How is the following proof is correct?
Claim: If $S$ is a non-empty unbounded subset of R, then there exists a sequence $(s_n)$ with
values in $S$ which has no convergent subsequences.
Proof: Since $S$ is unbounded, for all $n$, there exists $s_n \in S$ so that $|s_n| > n$ (since, if not $S$ would be bounded above by $n$ and bounded below by $-n$, hence bounded).
Suppose that $(s_{n_k})$ is a convergent subsequence of $(s_n)$. Then $(s_{n_k})$ is
bounded. So, there exists $M$ such that $|s_{n_k}
| \leq M$ for all $k \in N$. However, if we choose $k \in N$
so that $k \geq M$, then $|s_{n_k}
| > n_k ≥ k ≥ M$, so $|s_{n_k}| > M$. Contradiction.

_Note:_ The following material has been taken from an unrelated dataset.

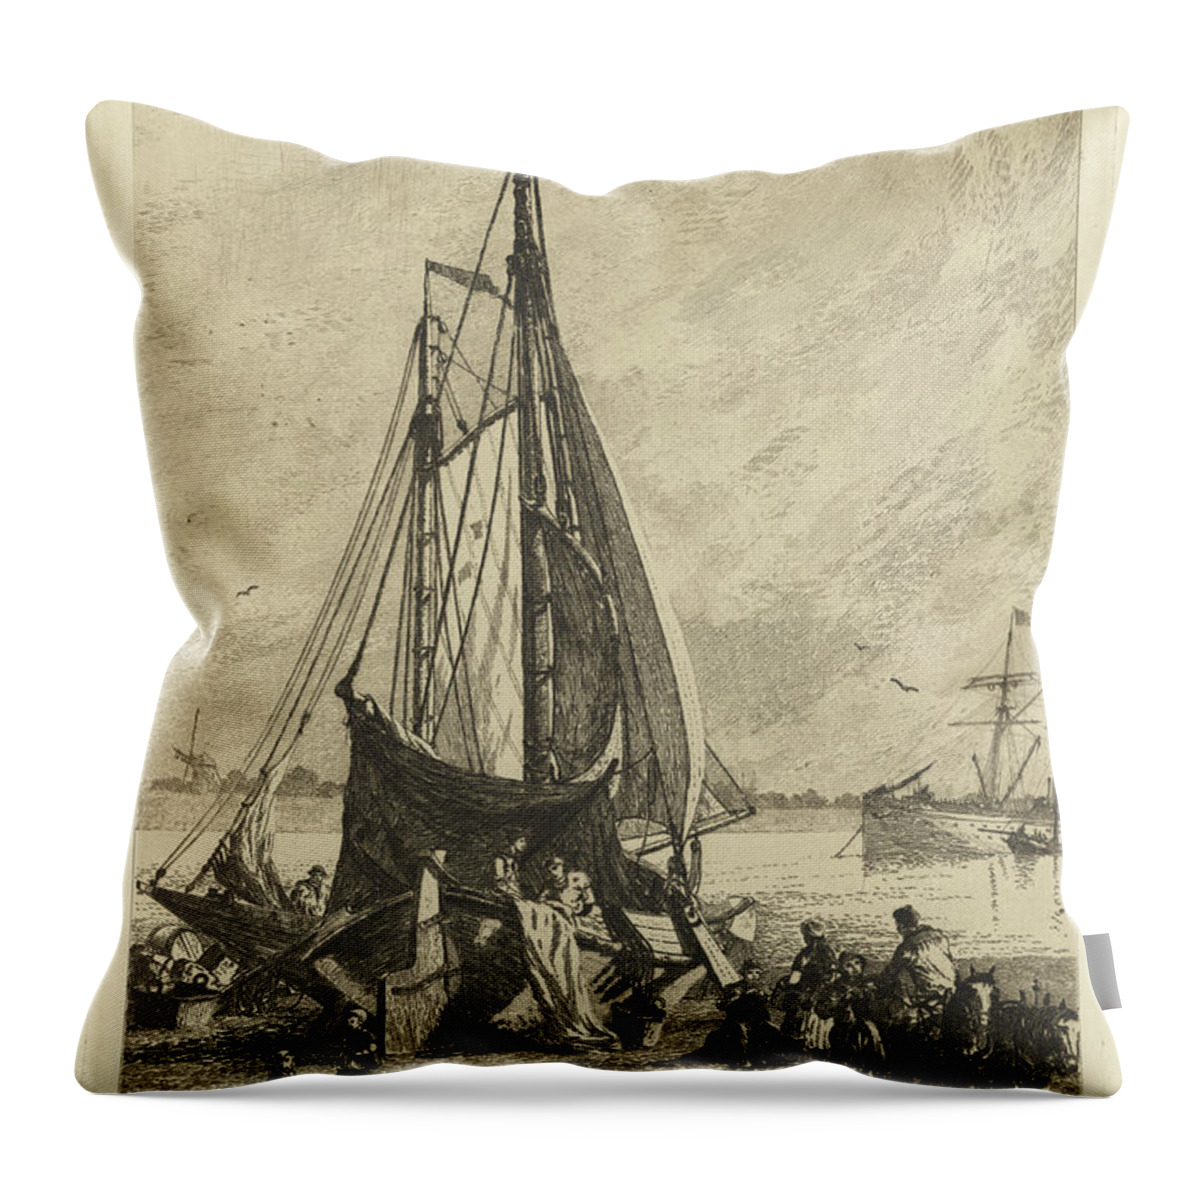 Dutch Throw Pillow featuring the painting Etsning hollandska by MotionAge Designs

This seems to me erronenous. Suppose my subsequence were that $s_{n_1} = s_2, s_{n_2} = s_1, s_{n_3} = s_4, s_{n_4} = s_3, \dots $
Best Answer
That proof is correct. Don't forget that, in order that $(s_{n_k})_{k\in\Bbb N}$ is a subsequence, the sequence $(n_k)_{k\in\Bbb N}$ must be a strictly increasing sequence of natural numbers. Therefore, yes, $n_1\geqslant1$, $n_2\geqslant 2$, and so on…